══ Source information
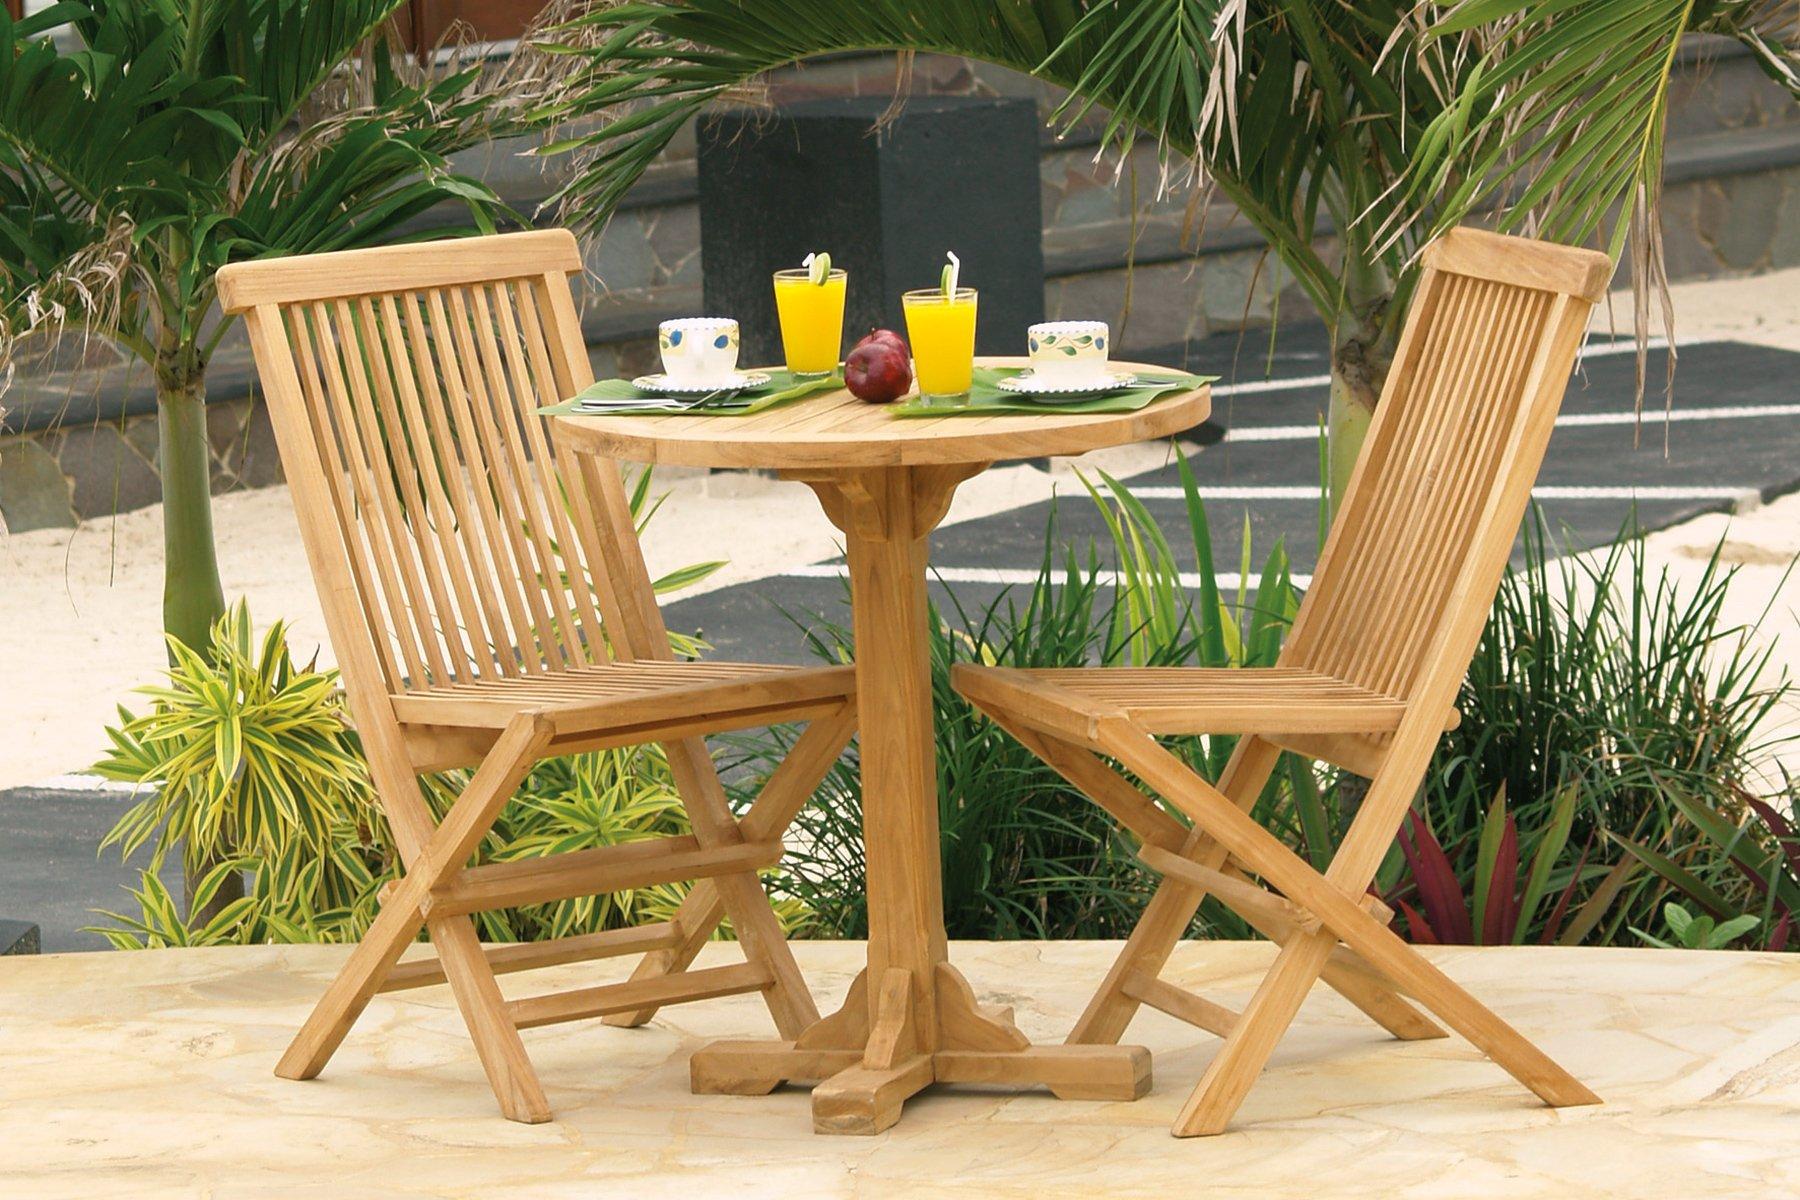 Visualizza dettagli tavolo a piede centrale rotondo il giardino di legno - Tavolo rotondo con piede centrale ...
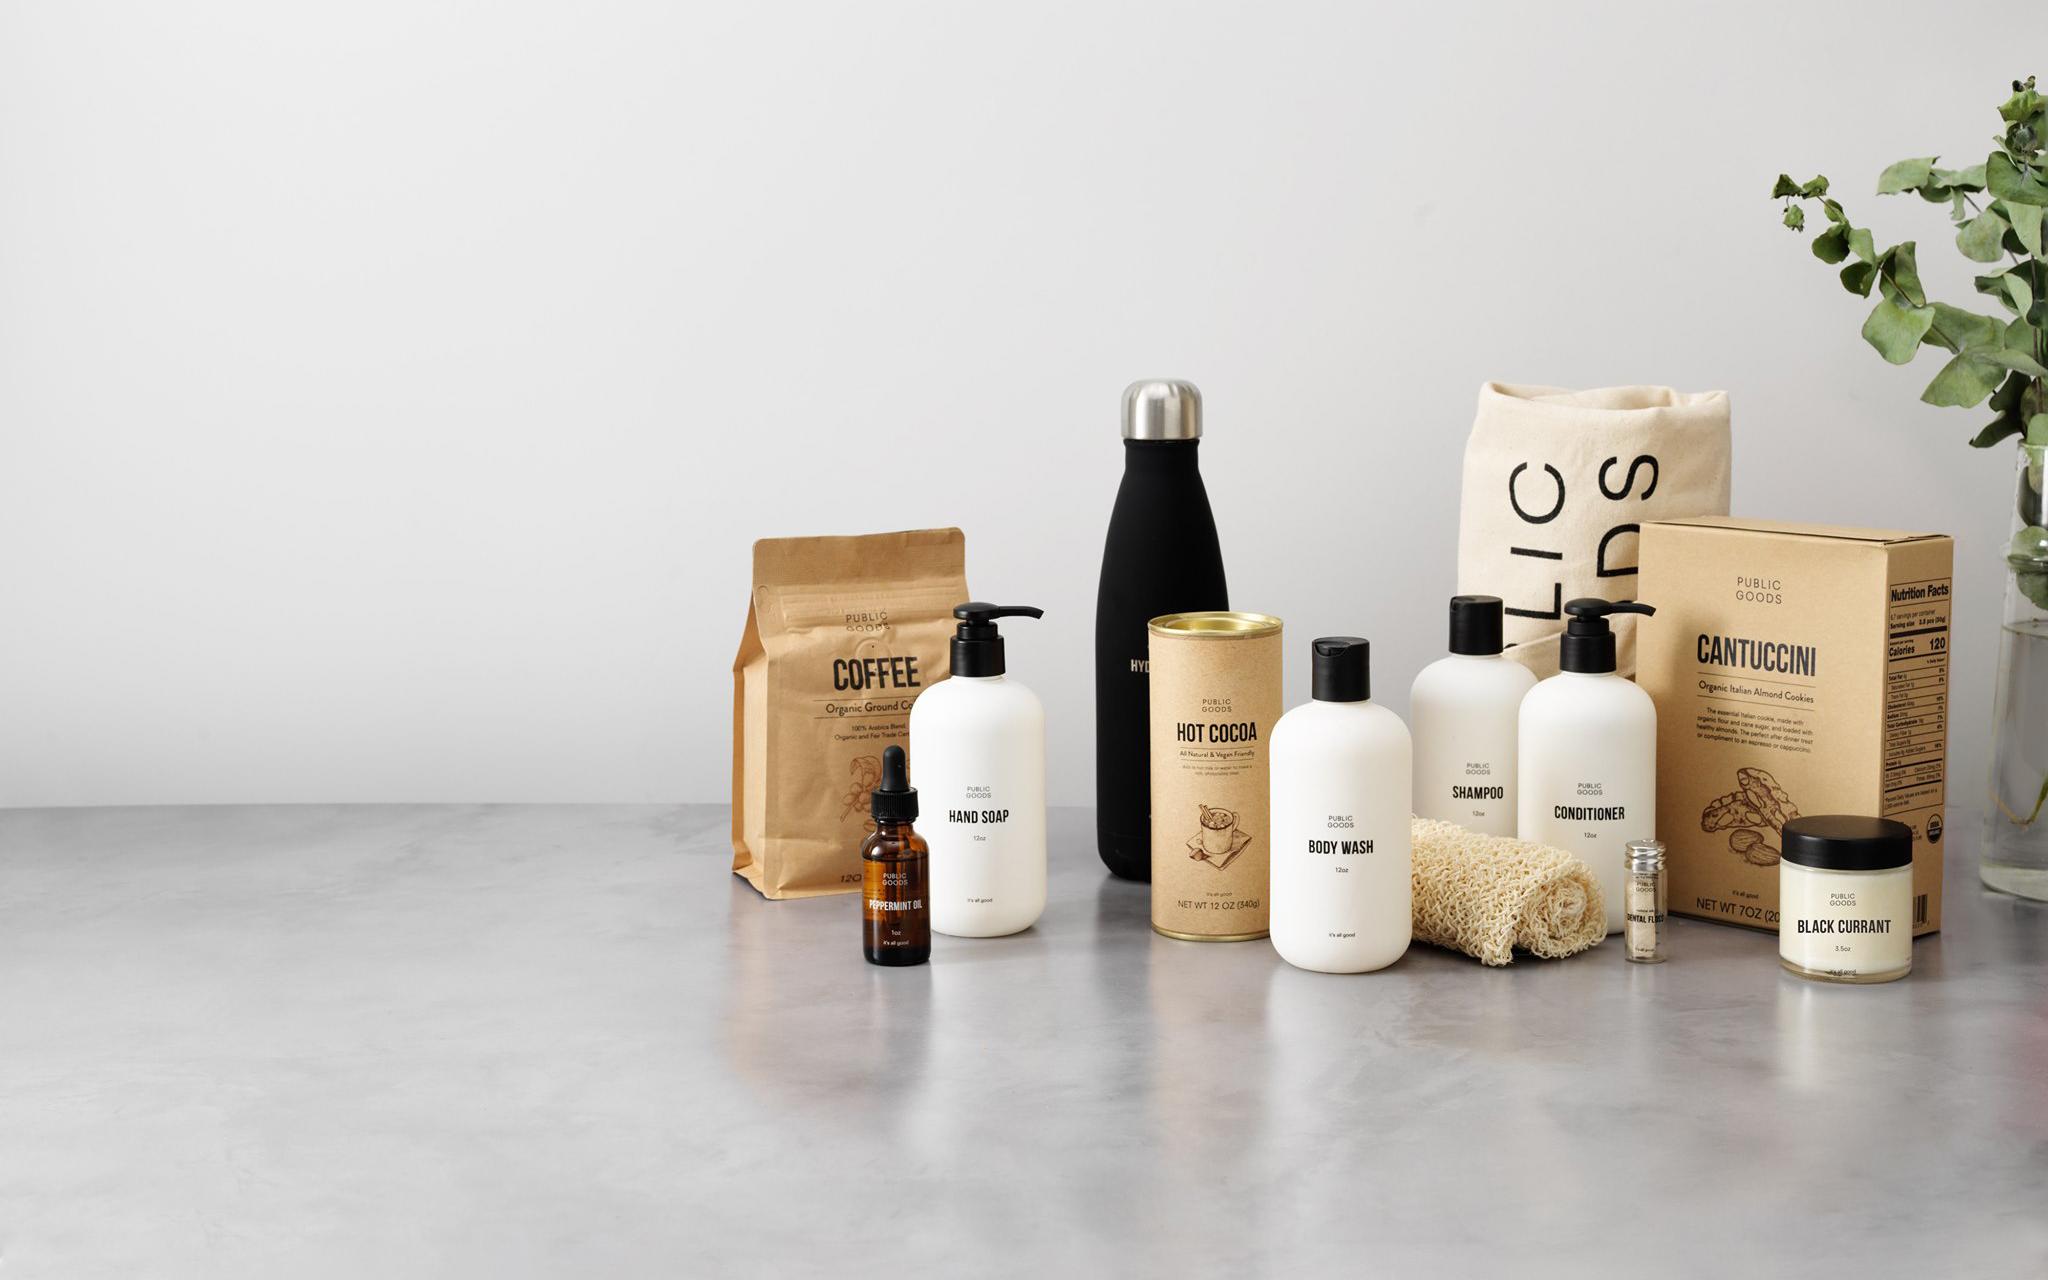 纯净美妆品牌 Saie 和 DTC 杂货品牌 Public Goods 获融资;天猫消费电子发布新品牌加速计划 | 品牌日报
════
══ Source information
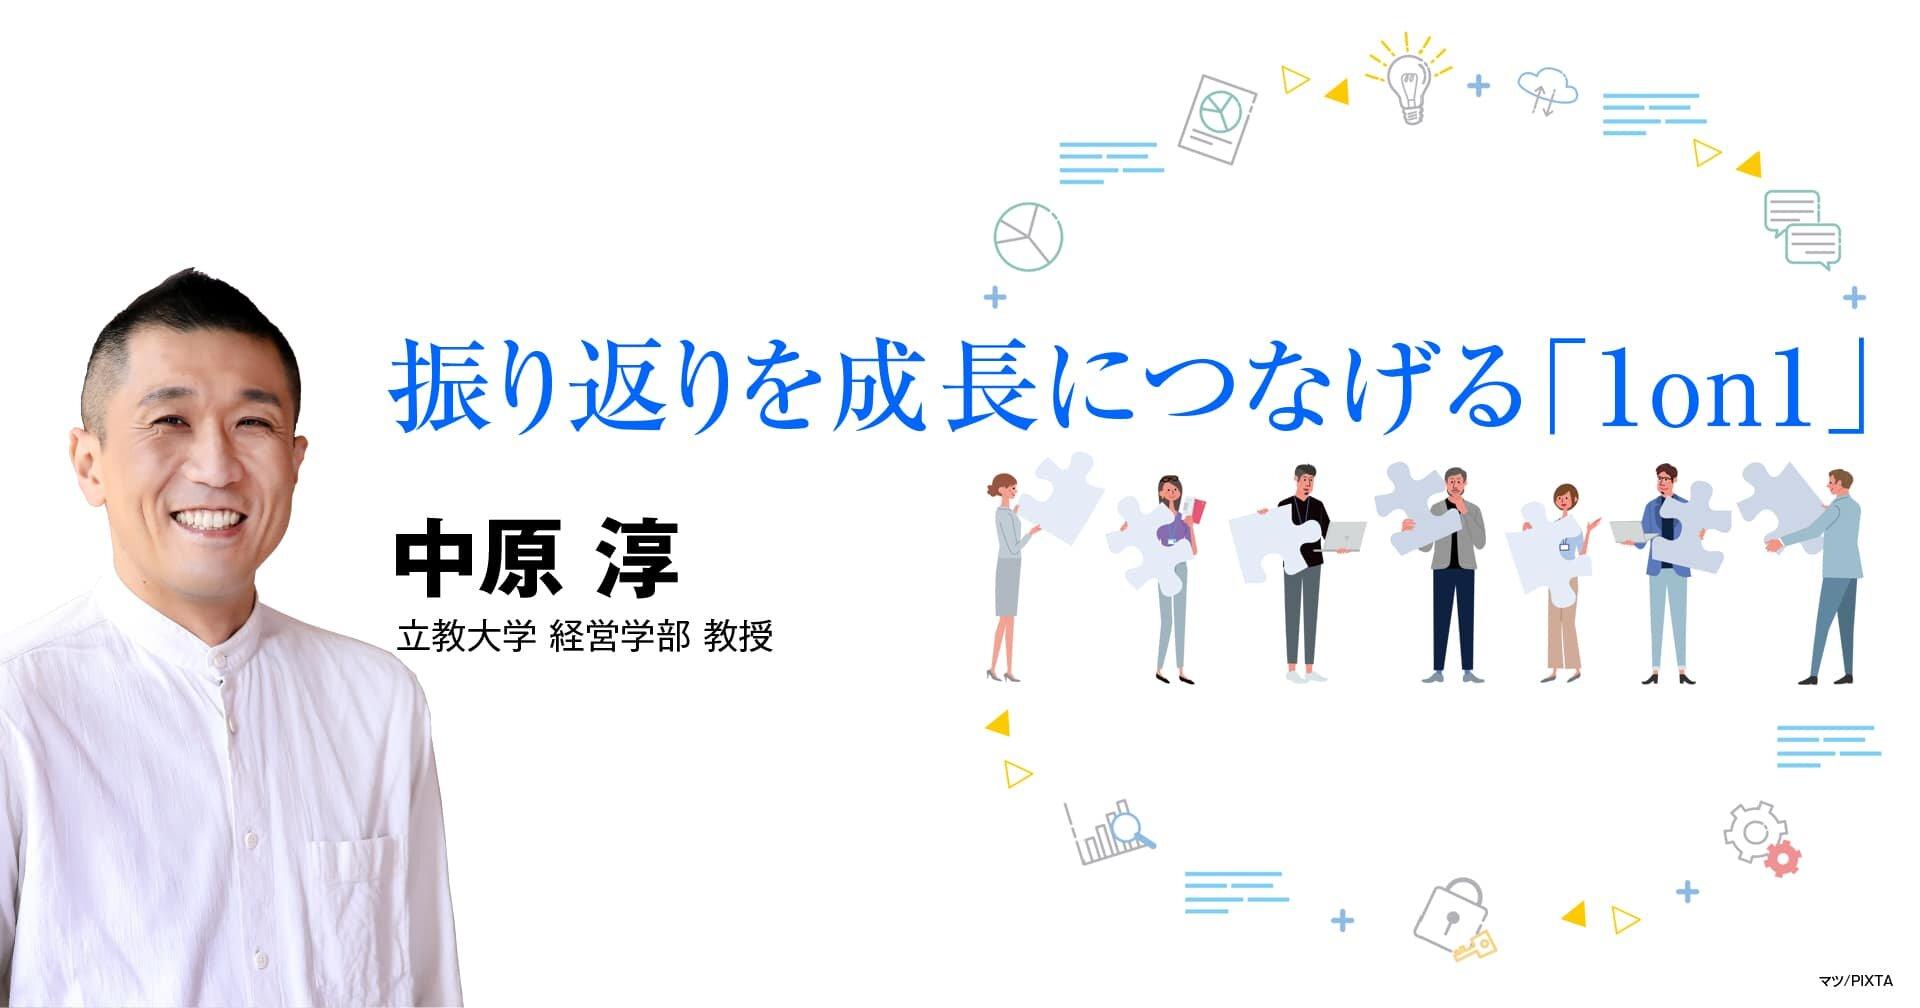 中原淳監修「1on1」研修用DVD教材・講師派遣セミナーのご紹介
════
══ Source information
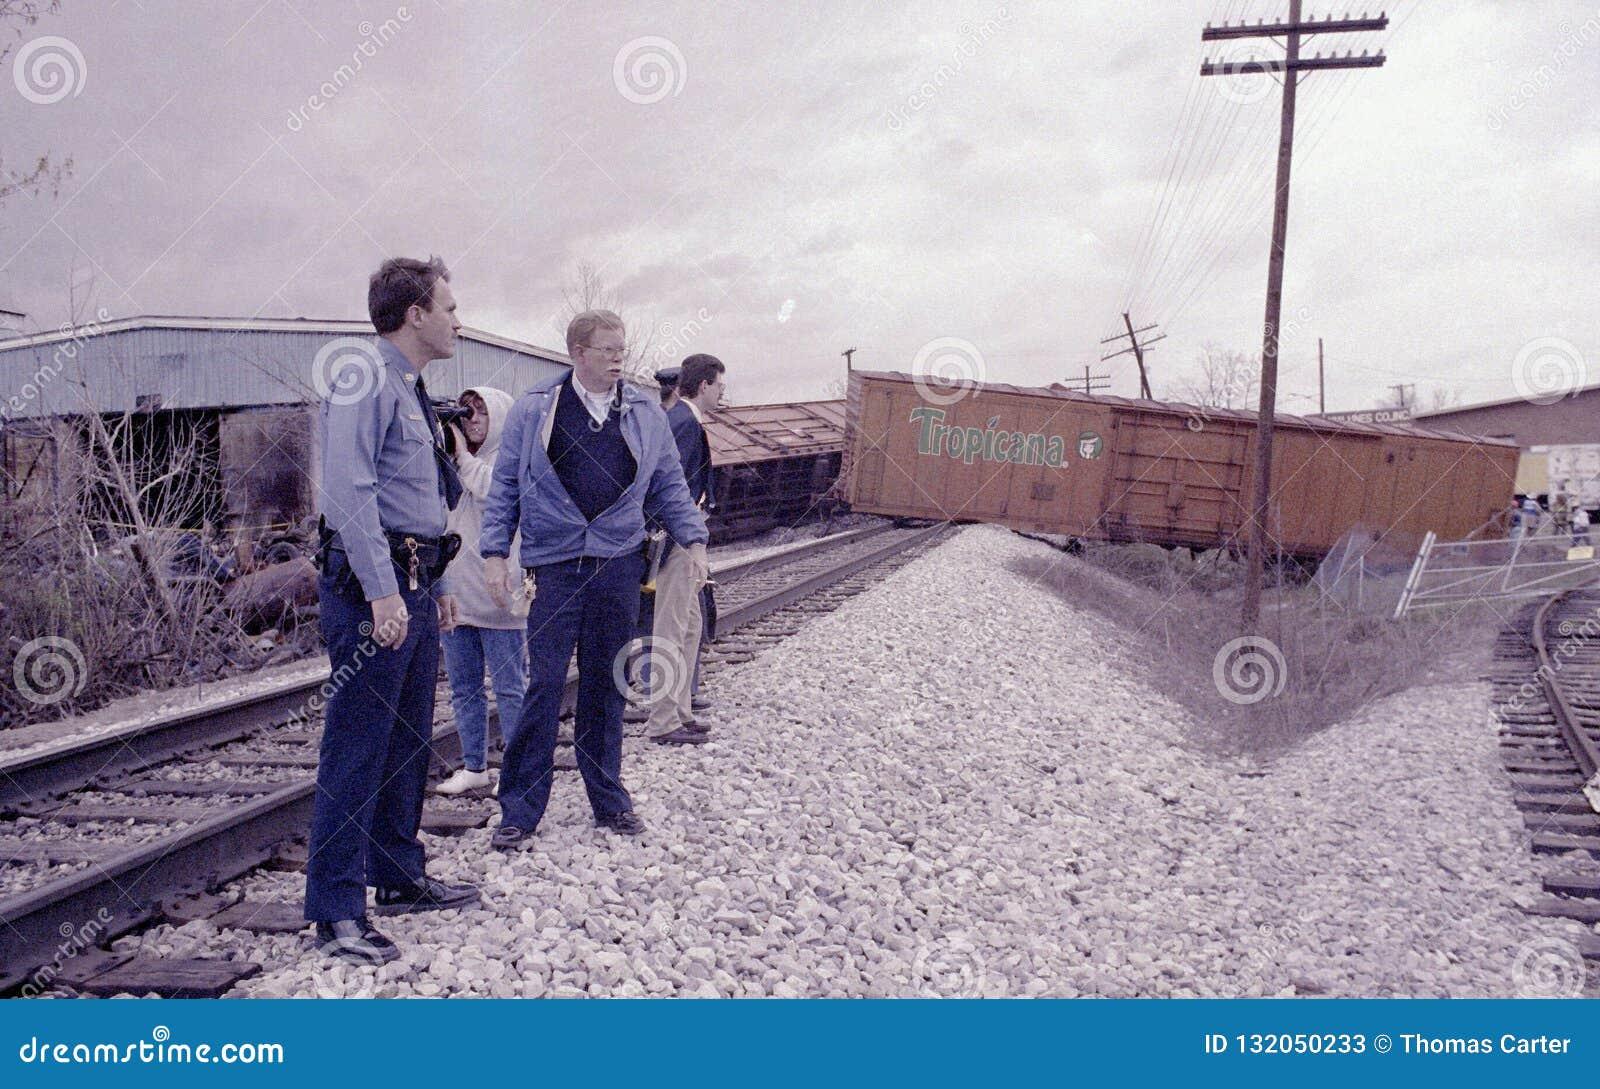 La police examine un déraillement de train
════
Your assignment. From the material above, output only the span of lines that starts at the one containing "Visualizza dettagli tavolo" and finishes at the one containing "纯净美妆品牌 Saie 和", word for word and free of pictures.

Exercise output.
 Visualizza dettagli tavolo a piede centrale rotondo il giardino di legno - Tavolo rotondo con piede centrale ...
 纯净美妆品牌 Saie 和 DTC 杂货品牌 Public Goods 获融资;天猫消费电子发布新品牌加速计划 | 品牌日报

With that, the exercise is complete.